*** Input records ***

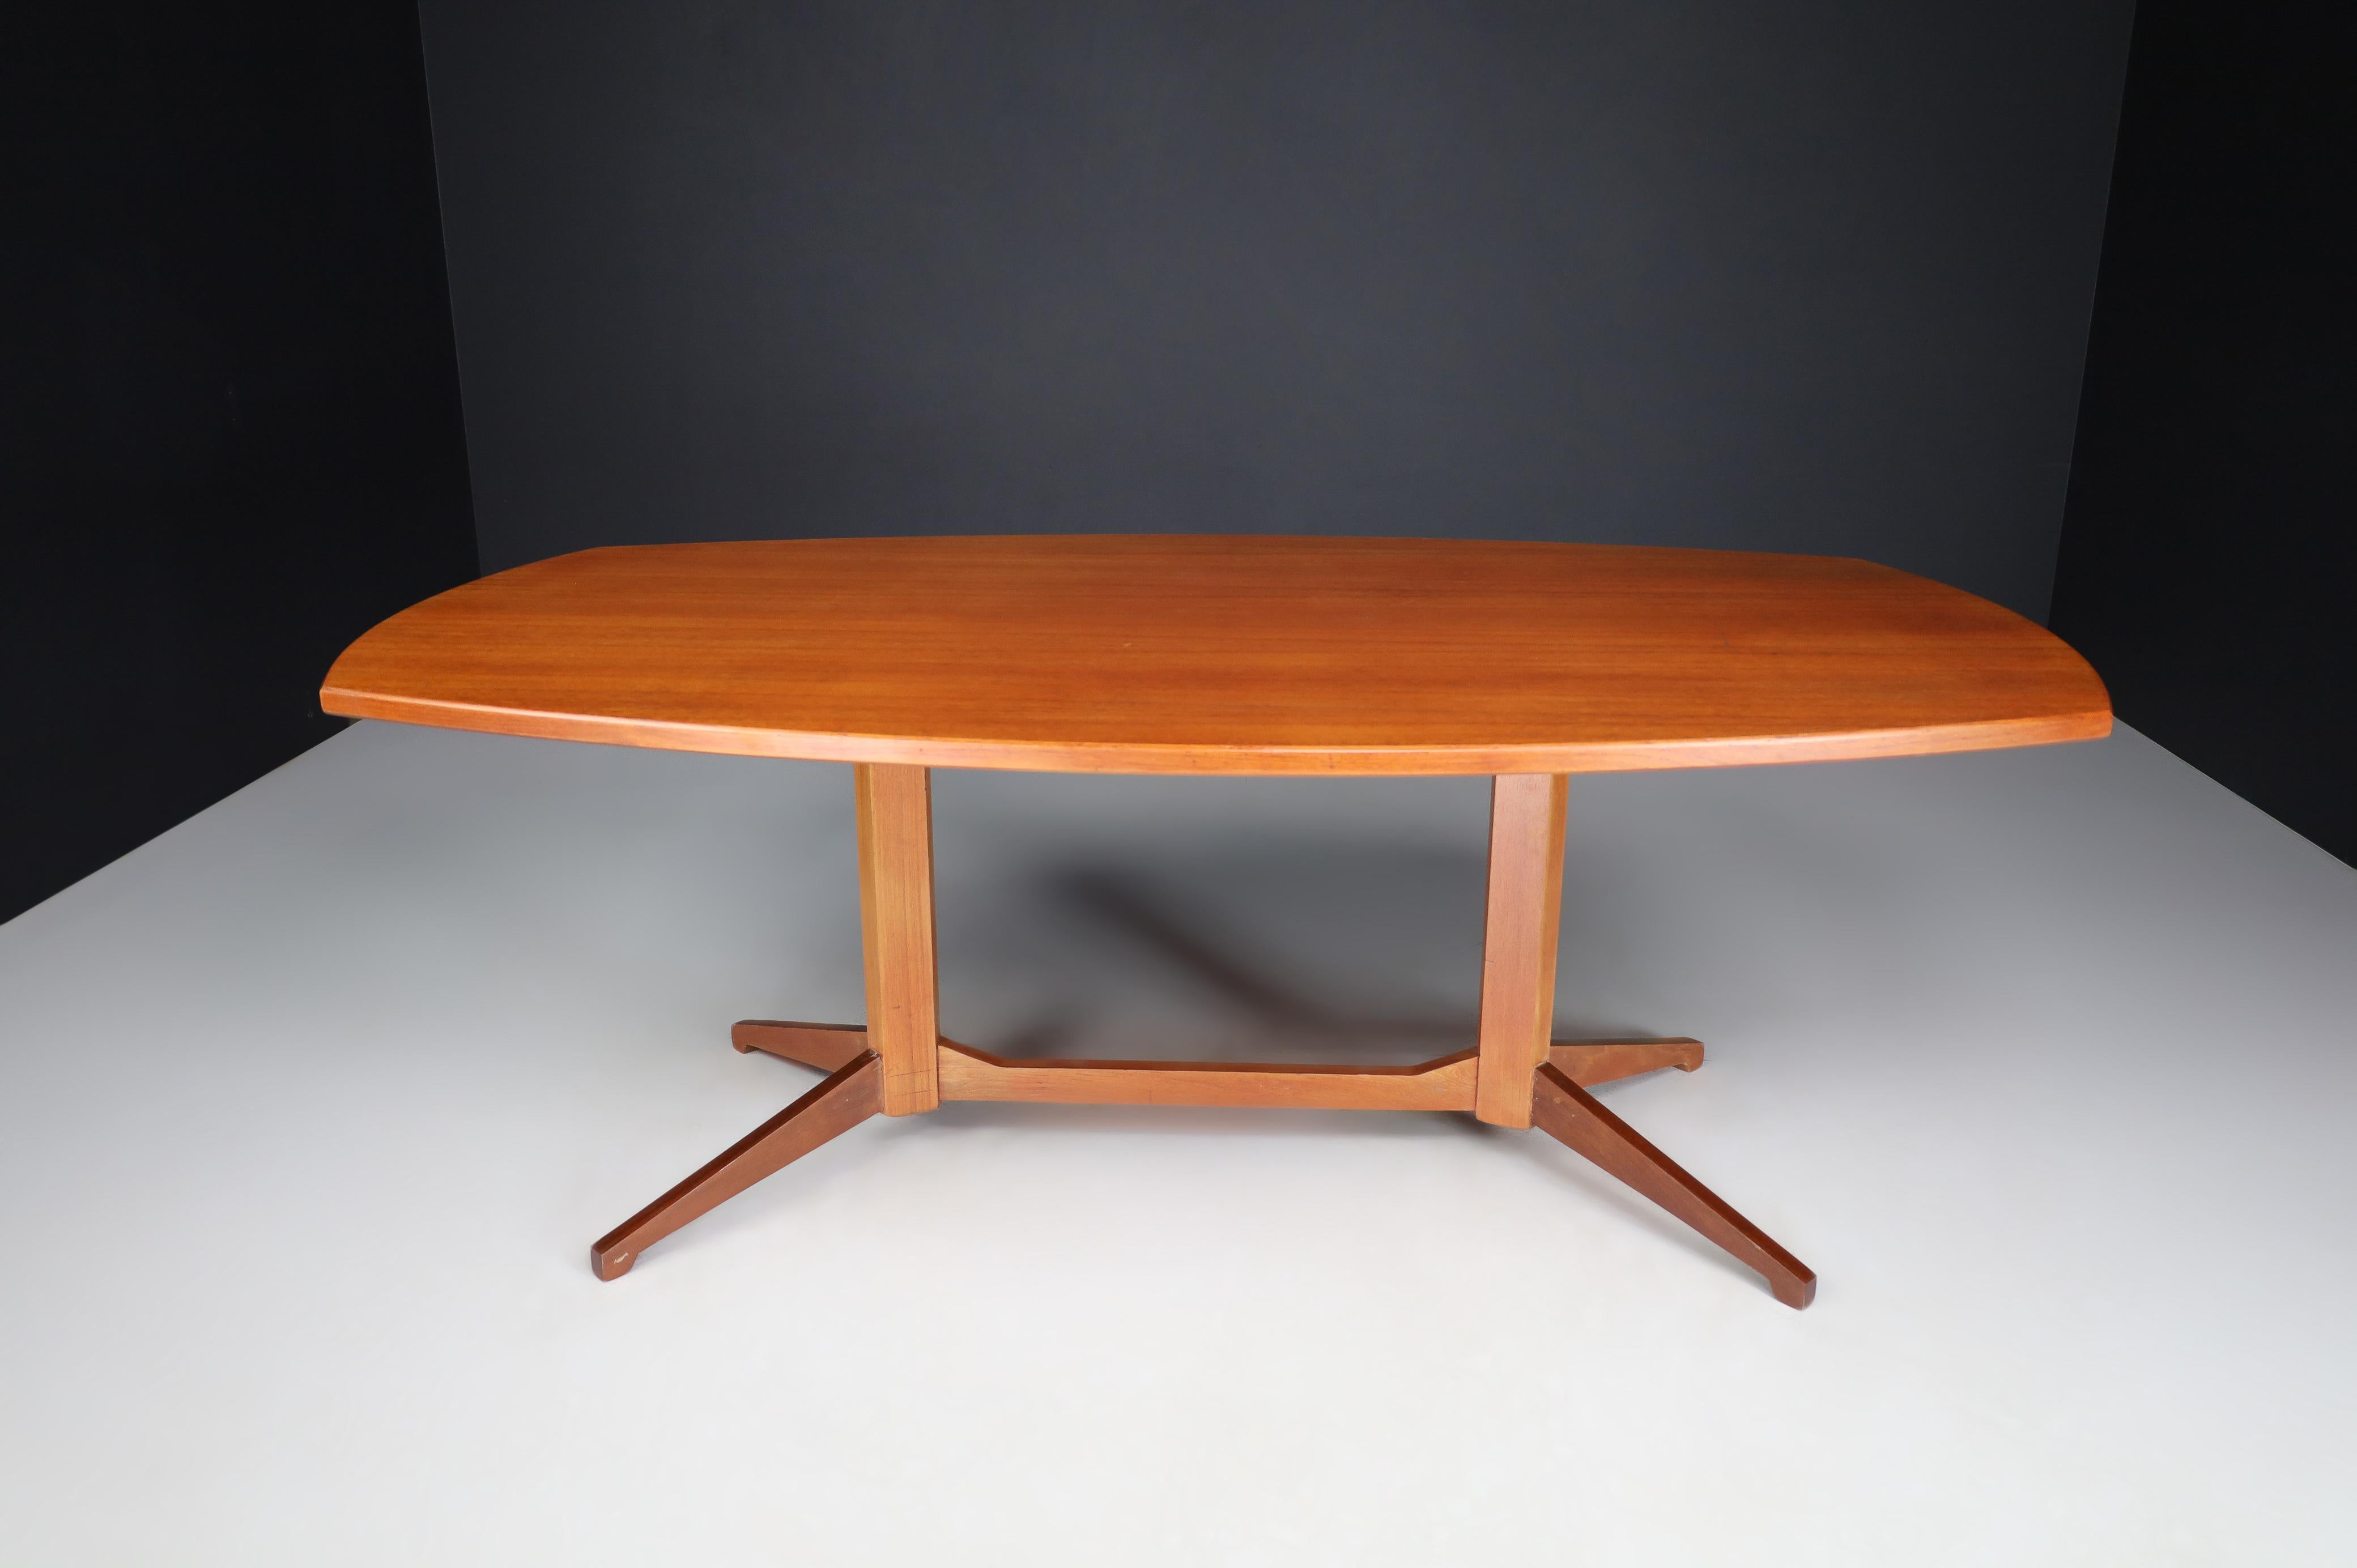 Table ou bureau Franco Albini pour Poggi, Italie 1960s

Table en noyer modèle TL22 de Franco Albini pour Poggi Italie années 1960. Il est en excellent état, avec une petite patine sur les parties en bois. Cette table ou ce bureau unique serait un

***
*** Input records ***

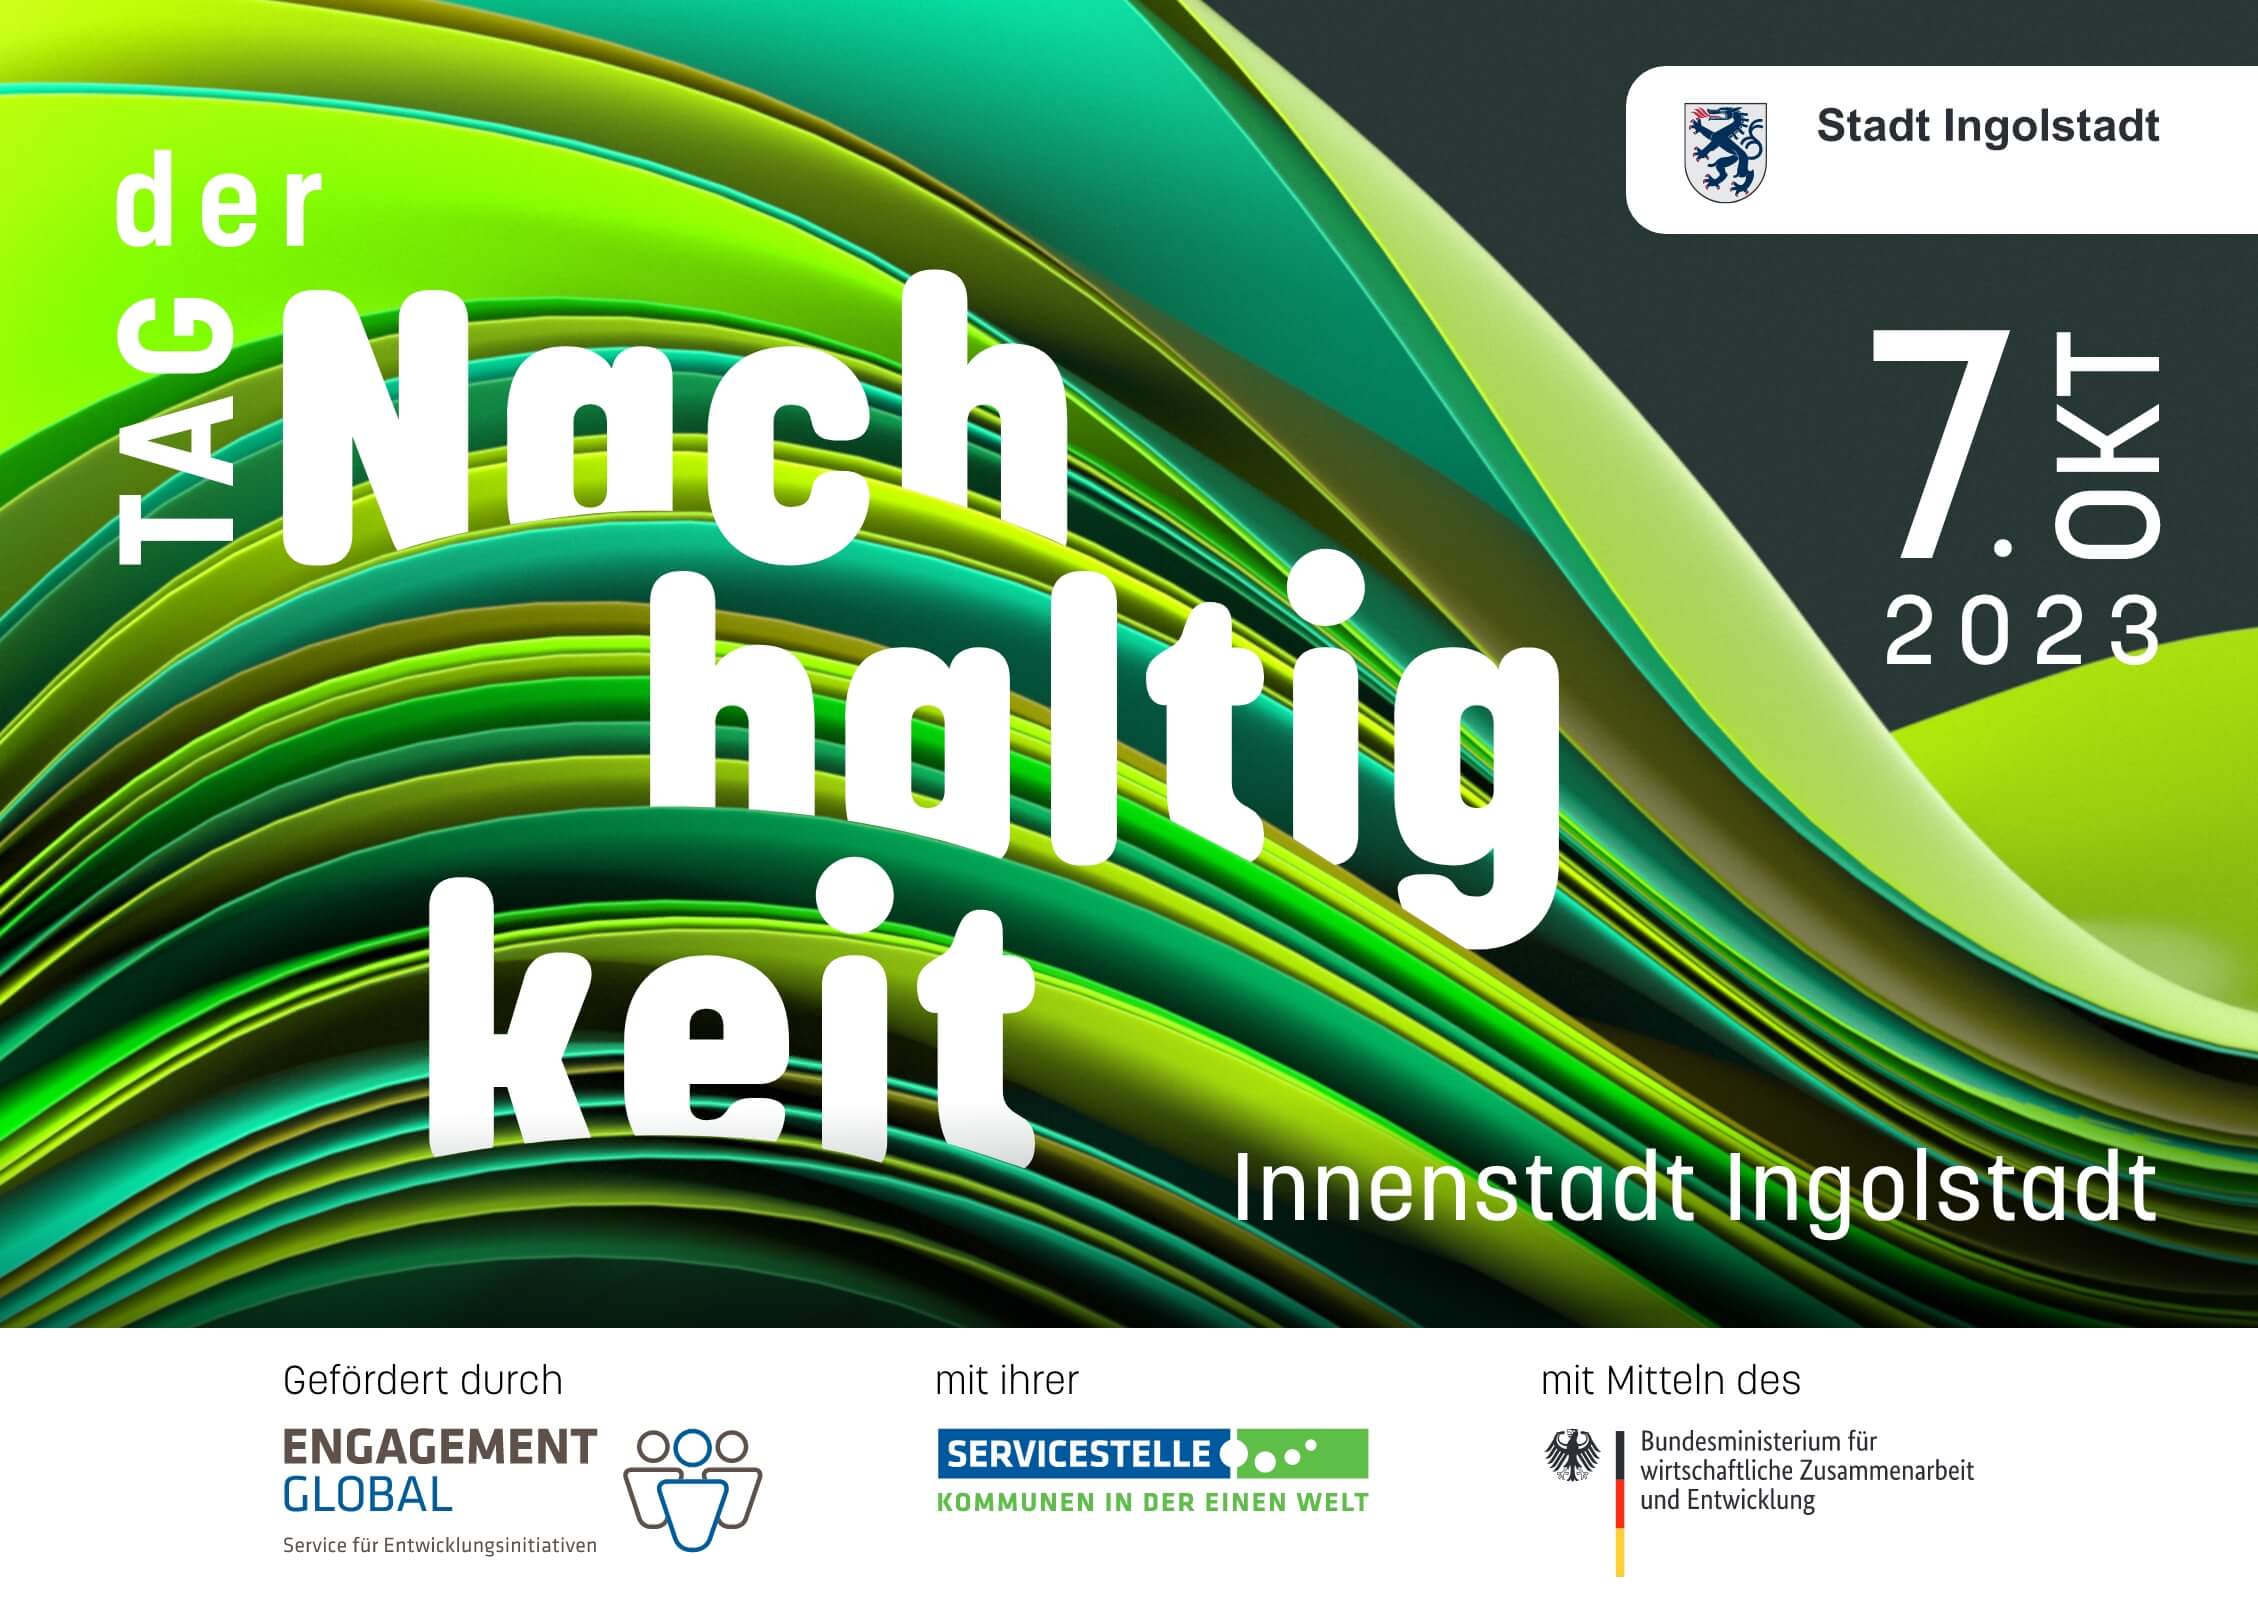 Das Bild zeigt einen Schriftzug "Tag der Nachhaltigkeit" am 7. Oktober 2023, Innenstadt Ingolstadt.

***

### Problem
Only the lines starting at the one with "Table ou bureau" and ending at the one with "Table en noyer" should be printed, each exactly as it appears in the material above; the pictures are to be omitted.

### Reply to the exercise
 Table ou bureau Franco Albini pour Poggi, Italie 1960s

Table en noyer modèle TL22 de Franco Albini pour Poggi Italie années 1960. Il est en excellent état, avec une petite patine sur les parties en bois. Cette table ou ce bureau unique serait un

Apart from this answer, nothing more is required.